-- About this task --
Through the line that contains "Contemporary decorative lacquered", return the data below exactly, starting at its first line; leave the rest out.

-- Records for processing --
__________
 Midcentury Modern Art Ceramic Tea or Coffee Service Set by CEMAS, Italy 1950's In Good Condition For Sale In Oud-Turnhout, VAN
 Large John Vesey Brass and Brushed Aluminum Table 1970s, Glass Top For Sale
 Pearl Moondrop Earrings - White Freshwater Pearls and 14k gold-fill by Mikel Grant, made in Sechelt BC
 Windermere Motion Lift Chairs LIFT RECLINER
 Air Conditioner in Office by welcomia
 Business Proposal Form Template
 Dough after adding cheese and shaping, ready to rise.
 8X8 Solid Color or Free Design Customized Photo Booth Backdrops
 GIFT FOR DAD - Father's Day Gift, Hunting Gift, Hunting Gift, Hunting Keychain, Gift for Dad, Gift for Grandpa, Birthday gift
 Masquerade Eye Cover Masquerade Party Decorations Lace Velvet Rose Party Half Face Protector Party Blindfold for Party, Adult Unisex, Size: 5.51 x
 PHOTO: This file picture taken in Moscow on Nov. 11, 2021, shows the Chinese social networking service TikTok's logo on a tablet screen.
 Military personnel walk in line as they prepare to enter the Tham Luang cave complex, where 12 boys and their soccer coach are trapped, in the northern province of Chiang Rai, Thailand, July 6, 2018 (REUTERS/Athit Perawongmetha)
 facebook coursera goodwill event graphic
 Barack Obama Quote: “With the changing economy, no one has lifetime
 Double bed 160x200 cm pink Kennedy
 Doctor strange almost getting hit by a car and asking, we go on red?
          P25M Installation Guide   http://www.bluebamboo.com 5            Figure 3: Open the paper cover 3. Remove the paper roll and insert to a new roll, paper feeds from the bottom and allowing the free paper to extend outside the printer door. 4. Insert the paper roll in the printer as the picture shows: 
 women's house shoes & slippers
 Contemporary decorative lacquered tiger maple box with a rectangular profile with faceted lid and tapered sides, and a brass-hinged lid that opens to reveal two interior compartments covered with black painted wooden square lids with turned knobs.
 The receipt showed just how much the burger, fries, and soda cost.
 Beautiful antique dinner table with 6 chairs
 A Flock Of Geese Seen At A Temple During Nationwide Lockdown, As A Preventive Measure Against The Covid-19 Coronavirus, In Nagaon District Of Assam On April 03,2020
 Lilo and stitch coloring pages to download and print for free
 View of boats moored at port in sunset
__________
-- Written answer --
 Midcentury Modern Art Ceramic Tea or Coffee Service Set by CEMAS, Italy 1950's In Good Condition For Sale In Oud-Turnhout, VAN
 Large John Vesey Brass and Brushed Aluminum Table 1970s, Glass Top For Sale
 Pearl Moondrop Earrings - White Freshwater Pearls and 14k gold-fill by Mikel Grant, made in Sechelt BC
 Windermere Motion Lift Chairs LIFT RECLINER
 Air Conditioner in Office by welcomia
 Business Proposal Form Template
 Dough after adding cheese and shaping, ready to rise.
 8X8 Solid Color or Free Design Customized Photo Booth Backdrops
 GIFT FOR DAD - Father's Day Gift, Hunting Gift, Hunting Gift, Hunting Keychain, Gift for Dad, Gift for Grandpa, Birthday gift
 Masquerade Eye Cover Masquerade Party Decorations Lace Velvet Rose Party Half Face Protector Party Blindfold for Party, Adult Unisex, Size: 5.51 x
 PHOTO: This file picture taken in Moscow on Nov. 11, 2021, shows the Chinese social networking service TikTok's logo on a tablet screen.
 Military personnel walk in line as they prepare to enter the Tham Luang cave complex, where 12 boys and their soccer coach are trapped, in the northern province of Chiang Rai, Thailand, July 6, 2018 (REUTERS/Athit Perawongmetha)
 facebook coursera goodwill event graphic
 Barack Obama Quote: “With the changing economy, no one has lifetime
 Double bed 160x200 cm pink Kennedy
 Doctor strange almost getting hit by a car and asking, we go on red?
          P25M Installation Guide   http://www.bluebamboo.com 5            Figure 3: Open the paper cover 3. Remove the paper roll and insert to a new roll, paper feeds from the bottom and allowing the free paper to extend outside the printer door. 4. Insert the paper roll in the printer as the picture shows: 
 women's house shoes & slippers
 Contemporary decorative lacquered tiger maple box with a rectangular profile with faceted lid and tapered sides, and a brass-hinged lid that opens to reveal two interior compartments covered with black painted wooden square lids with turned knobs.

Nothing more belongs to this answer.